Occasionally, the silence was broken.

“One afternoon we heard music from the street below where the night before had been nothing but one echoing set of footfalls. I went to one window and Robin to another, and people on both sides of the street went to theirs and we all opened them at the same time. We leaned on our windowsills in the sun and watched a lone man below us walk through the street playing an accordion. And the notes drifted upward and outward and somehow connected us all. As he rounded the corner and disappeared, we all looked at each other and smiled.”

The lockdown hasn’t much changed the way Cutler-Broyles was teaching but her students have faced challenges.

“I was teaching two classes online anyway, so the only difference for me is how it has affected my students. Some of them have been struggling a great deal with living situations, lack of Internet access, anxiety, loss of jobs, and more. That has changed how I'm teaching this last half of the class,” she said, noting that she is not enforcing deadlines so stringently right now.

“Every single student who is still turning in assignments anywhere should be applauded. Every one of them… I'm reading discussions from students in my post-apocalyptic film class and they are processing the films in light of events happening now in the world and their assigned readings about social and cultural and film theory, and they are brilliant.”

Italy has been particularly hard hit in this pandemic but is slowly opening up again. Cutler-Broyles took a long walk on May 4  ̶  the first day people were allowed out to do anything that wasn’t essential  ̶  took photographs and saw people in the streets again. The couple will be flying home on June 3, after New Mexico, she hopes, is past its peak in new cases and hospitalizations. They’re hoping to sightsee and eat out in Rome before they leave but aren’t sure they’ll be able to.
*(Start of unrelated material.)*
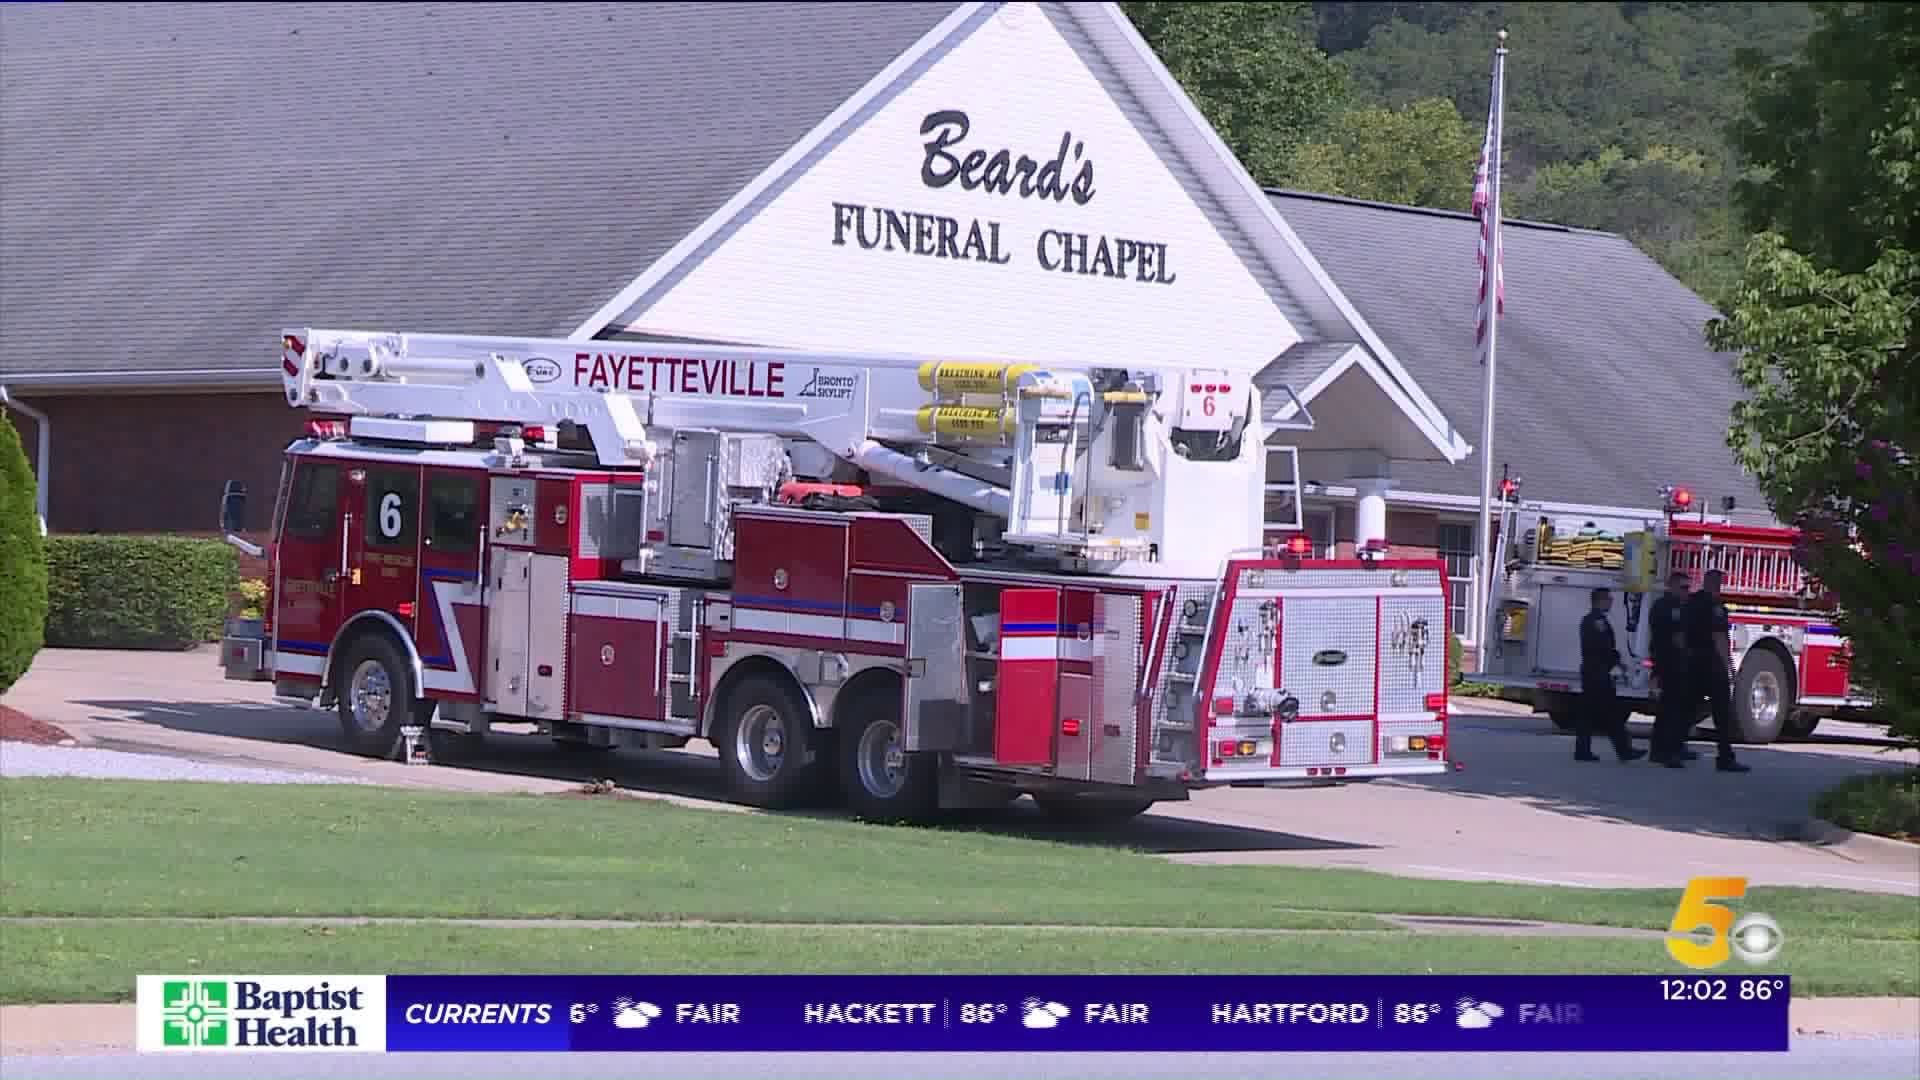 Firefighters Respond To Fire At Funeral Chapel In Fayetteville

“Either way, we'll be back in Albuquerque and planning for our son's wedding by the beginning of June. And I'm looking forward to having our garden and the foothills and the bosque to get out in when we get back.”

Cutler-Broyles pondered her experience and how it will affect her back at home and on campus.

“I am more aware of the strength of community  ̶  of the UNM community and of the larger community as a whole  ̶  and of connection, personal as well as professionally. From Italy we've seen how New Mexico is holding strong in its convictions, staying the course as much as possible in ways that at least attempt to keep people safe. And in Italy I've seen strength in the way the city here worked together to get through this crisis, kept each other safe by staying home, and took care of its elderly and those who needed help with food or clothing. These perspectives will inform my teaching in that I am ever more aware of the way connection and community shape who we are and how we interact with others,” she observed.

“I hope we are able to be back in classrooms in the fall, because it is there that connections and community are created; and at the same time I am worried that being too closely packed together might have a negative effect on student and faculty health if this virus has a resurgence as many expect. My overarching hope is that we, as a community, make the decisions about this that best take care of us all for both the long and short term,” Cutler-Broyles concluded.